R equivalent = R1 + R2 + R3 + …

Finding potential difference between any two points in a circuit

Start at one point and traverse the circuit to the other point along any path, and add algebraically the changes in potential you encounter

Resistance rule

Change in potential across a resistor going the direction of the current = -iR

EMF rule

Change in potential across a battery going the direction of the current = (E)

Power of an EMF device

P = i(E)

Power

P = iV, P = i² R, P = V² /R, lightbulb gets brighter with more power through it

EMF (E)

(E) = dw (work) / dq (charge)

Units for a volt

Joule / coulomb

Current through a simple circuit

i = V/R

Resistance through a wire

R = (p) L/A, (p) is resistivity, L is length, A is area of cross-section

Units of an amp

Coulomb / second

Voltage potential difference between plates of a capacitor

Vc = q/c

Current when charging a capacitor

Current is zero when the plates have same potential difference as terminals of the battery

Equilibrium/final charge on a capacitor

q = C(E)

Charging equation for a capacitor

R * dq/dt + q/C = (E)

Charge on the plates of a capacitor being charged

q = C(E)(1 - e^-t/RC )

Current while charging a capacitor

i = dq/dt = ((E)/R) * e^-t/RC

How a capacitor behaves while being charged

Initially, capacitor acts like an ordinary connecting wire relative to the charging current. A long time later, it acts like a broken wire.

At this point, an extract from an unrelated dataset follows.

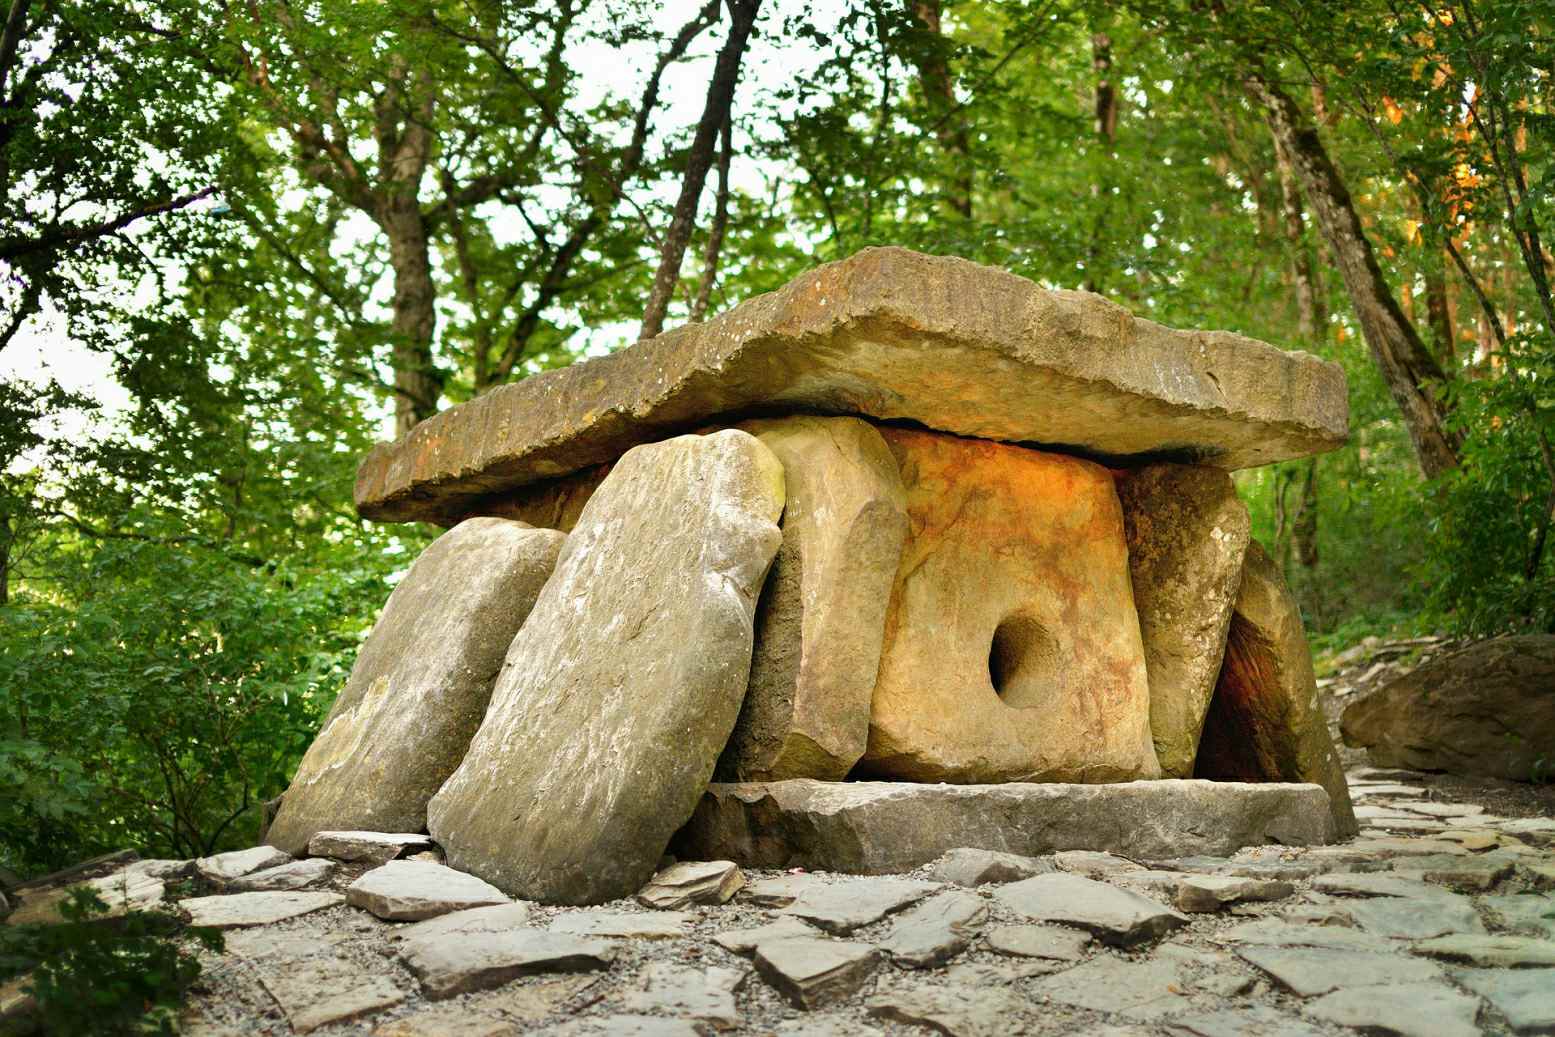 Ny dolmens fandevenana dia nitohy nampiasaina tamin'ny faramparan'ny alimo varahina sy tamin'ny andro voalohan'ny vy

Voltage potential difference while charging a capacitor

Vc = q/C = (E)(1 - e^-t/RC )

Capacitative time constant

Tau = RC

Discharging equation

R * dq/dt + q/C = 0

Charge when discharging a capacitor

q = q₀ * e^-t/RC

Current when discharging a capacitor

i = dq/dt = -(q₀ / RC) * e^-t/RC

Potential energy of capacitor

E = q² / 2C = CV² / 2